List of all unique characters in a string?

I want to append characters to a string, but want to make sure all the letters in the final list are unique.

Example: "aaabcabccd""abcd"

Now of course I have two solutions in my mind. One is using a list that will map the characters with their ASCII codes. So whenever I encounter a letter it will set the index to True. Afterwards I will scan the list and append all the ones that were set. It will have a time complexity of O(n).

Another solution would be using a dict and following the same procedure. After mapping every char, I will do the operation for each key in the dictionary. This will have a linear running time as well.

Since I am a Python newbie, I was wondering which would be more space efficient. Which one could be implemented more efficiently?

PS: Order is not important while creating the list.


The simplest solution is probably:

In [10]: ''.join(set('aaabcabccd'))
Out[10]: 'acbd'

Note that this doesn't guarantee the order in which the letters appear in the output, even though the example might suggest otherwise.

You refer to the output as a "list". If a list is what you really want, replace ''.join with list:

In [1]: list(set('aaabcabccd'))
Out[1]: ['a', 'c', 'b', 'd']

As far as performance goes, worrying about it at this stage sounds like premature optimization.

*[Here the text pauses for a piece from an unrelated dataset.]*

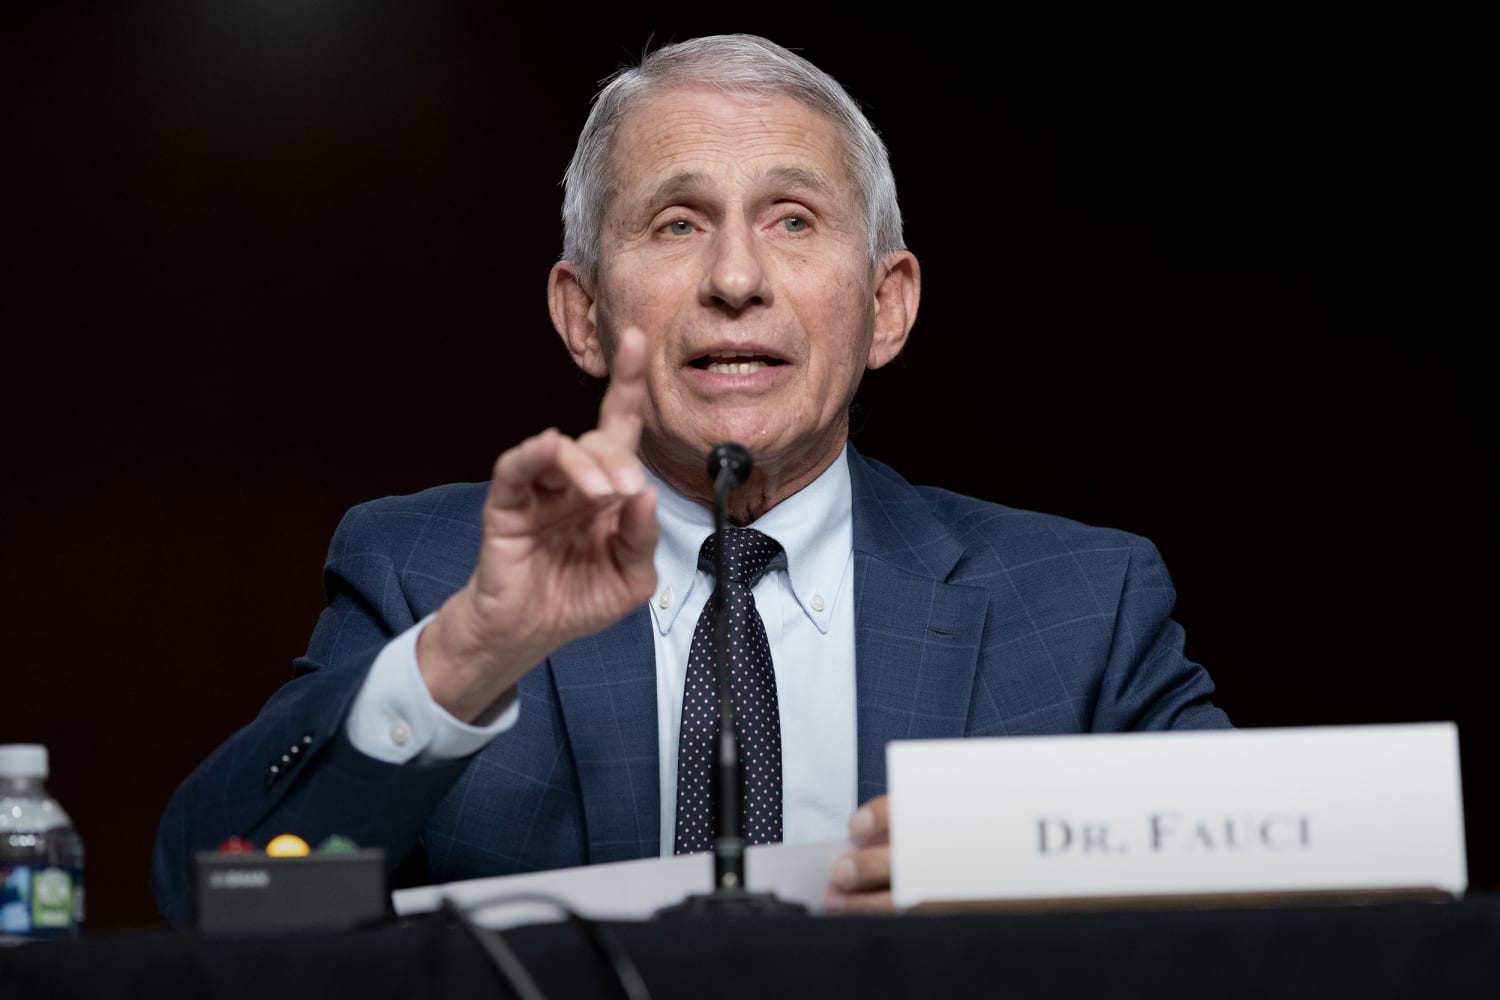 Fauci says Sen. Paul’s attacks ‘kindle the crazies’ who have threatened his life

Use an OrderedDict. This will ensure that the order is preserved

>>> ''.join(OrderedDict.fromkeys( "aaabcabccd").keys())
'abcd'

PS: I just timed both the OrderedDict and Set solution, and the later is faster. If order does not matter, set should be the natural solution, if Order Matter;s this is how you should do.

>>> from timeit import Timer
>>> t1 = Timer(stmt=stmt1, setup="from __main__ import data, OrderedDict")
>>> t2 = Timer(stmt=stmt2, setup="from __main__ import data")
>>> t1.timeit(number=1000)
1.2893918431815337
>>> t2.timeit(number=1000)
0.0632140599081196

For completeness sake, here's another recipe that sorts the letters as a byproduct of the way it works:

>>> from itertools import groupby
>>> ''.join(k for k, g in groupby(sorted("aaabcabccd")))
'abcd'

char_seen = []
for char in string:
    if char not in char_seen:
        char_seen.append(char)
print(''.join(char_seen))

This will preserve the order in which alphabets are coming,

output will be

abcd

if the result does not need to be order-preserving, then you can simply use a set

>>> ''.join(set( "aaabcabccd"))
'acbd'
>>>